9. The method of any one of claims 1-7, wherein determining the historical disease information for the plurality of users based on the historical disease codes for the plurality of users and the time of illness for the plurality of users comprises:

Data processing is carried out on the illness time of the plurality of users, so that ordered illness time is obtained;

training a model to be trained based on the ordered disease time and the historical disease codes of the plurality of users to obtain a second model, wherein the second model is used for predicting future events and event occurrence time;

and inputting the ordered illness time and the historical disease codes of the plurality of users into the second model to obtain the historical disease information of the plurality of users.
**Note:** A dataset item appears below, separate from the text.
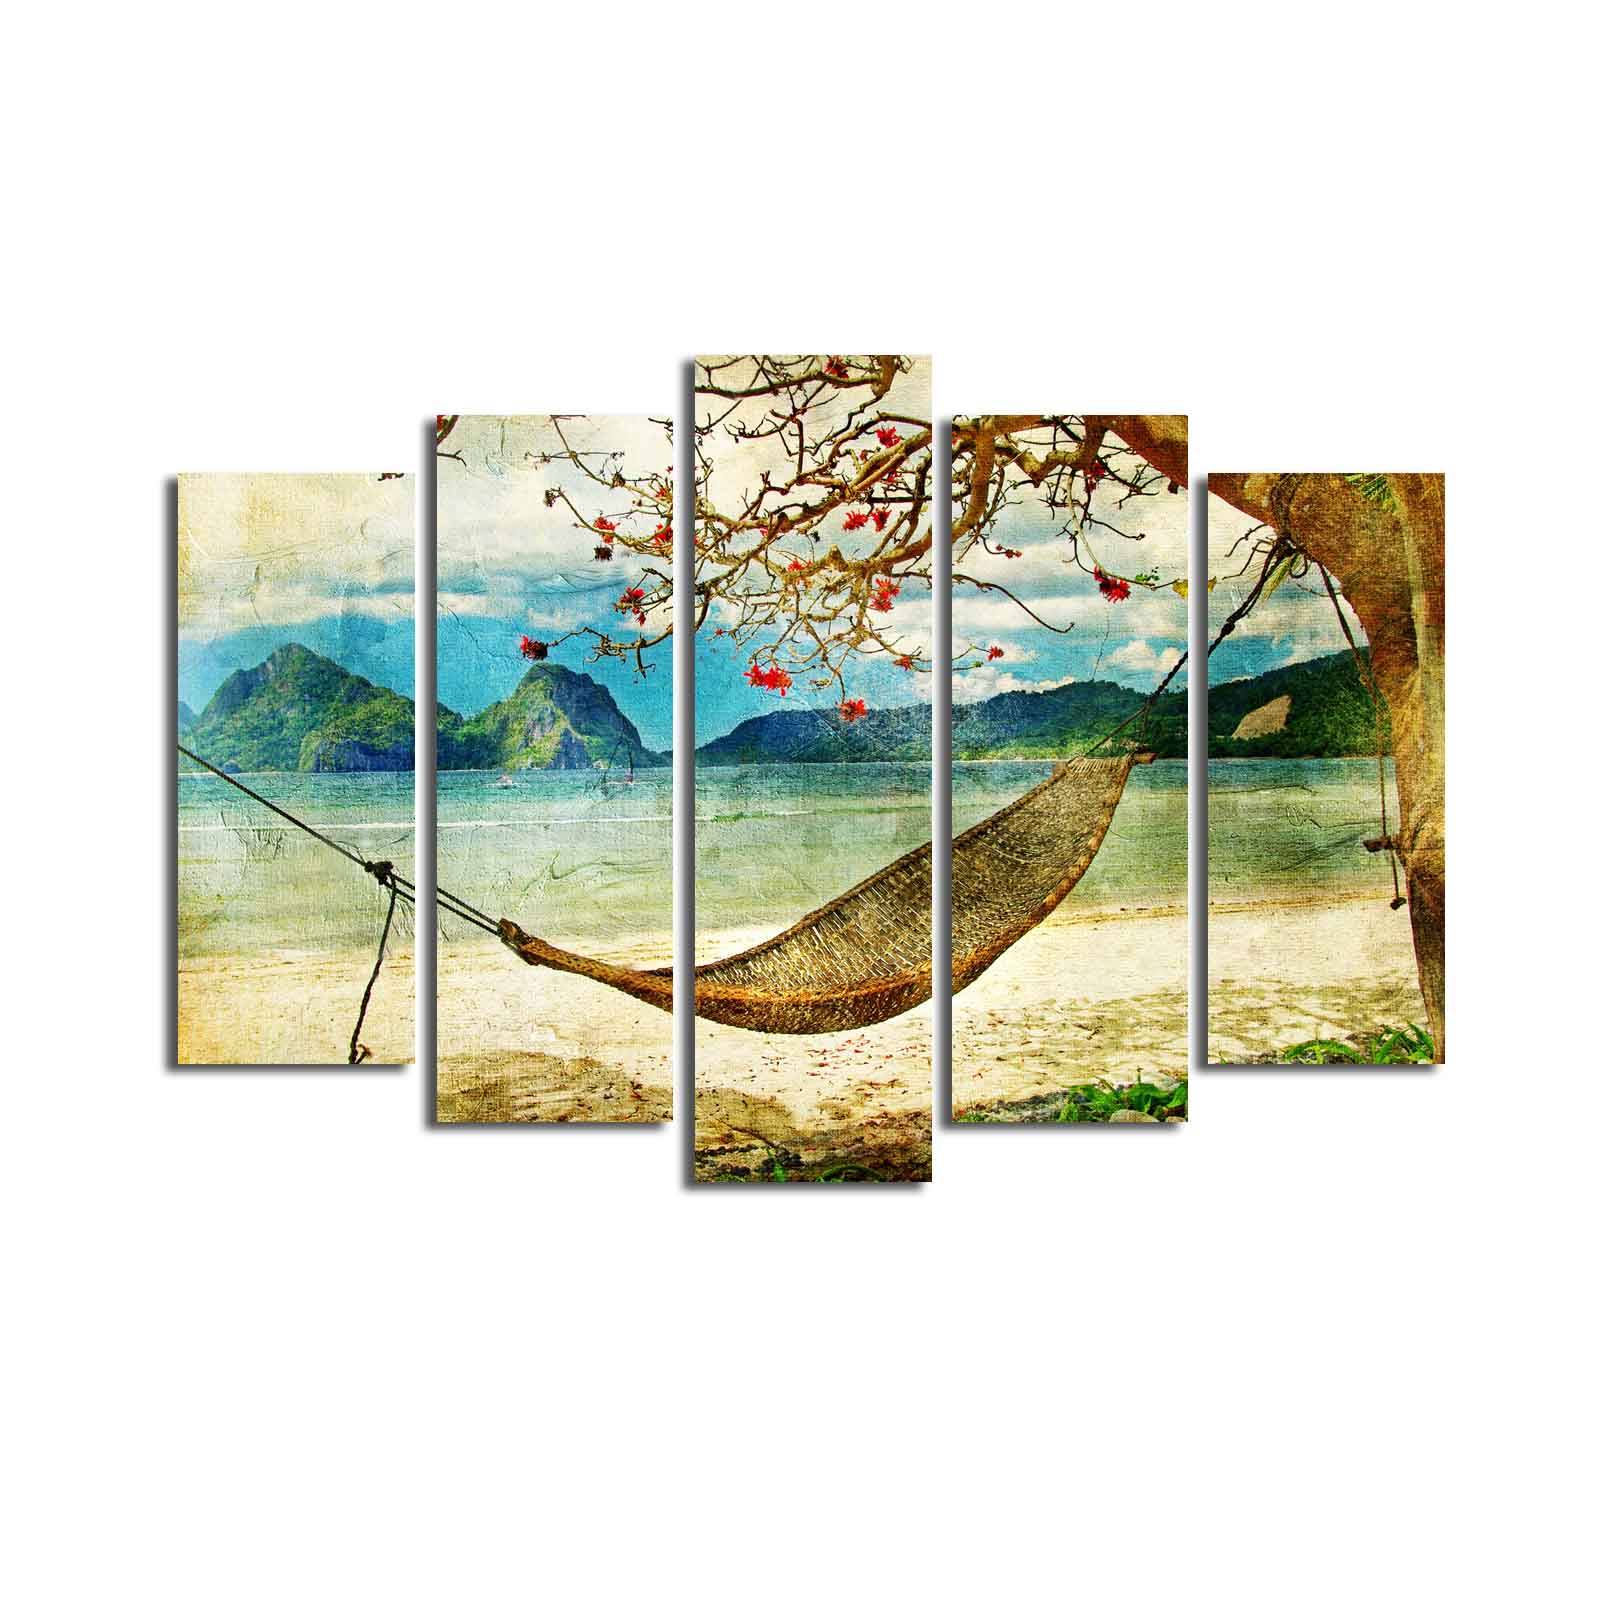 Pentittico Atos dipinto Pattern Swing sulla spiaggia

10. A disease risk prediction model training device, comprising:

the system comprises an acquisition module, a control module and a control module, wherein the acquisition module is used for acquiring first statistics, N second statistics, genotype data of a plurality of users, historical disease codes of the plurality of users, disease time of the plurality of users, age characteristics of the plurality of users and disease identifications of the plurality of users, wherein the first statistics comprise a plurality of groups of incidence relation statistics of single nucleotide polymorphisms and life habits, each of the N second statistics comprises a plurality of groups of incidence relation statistics of single nucleotide polymorphisms and appointed diseases, the disease identifications are used for marking whether the plurality of users are ill or not, and N is an integer greater than 0;

The processing module is used for determining living habits with causal relation with the appointed diseases according to the first statistics and the N second statistics;

the processing module is further used for determining a polygenic risk score according to the N second statistics and genotype data of the plurality of users;

the processing module is further used for determining historical disease information of the plurality of users according to the historical disease codes of the plurality of users and the disease time of the plurality of users;

the processing module is further configured to train a disease risk score model to be trained according to the lifestyle habit with causal relation to the specified disease, the polygenic risk score, historical disease information of the plurality of users, age characteristics of the plurality of users and disease identifications of the plurality of users, so as to obtain a disease risk score prediction model, where the disease risk score prediction model is used for predicting disease risk scores of the users.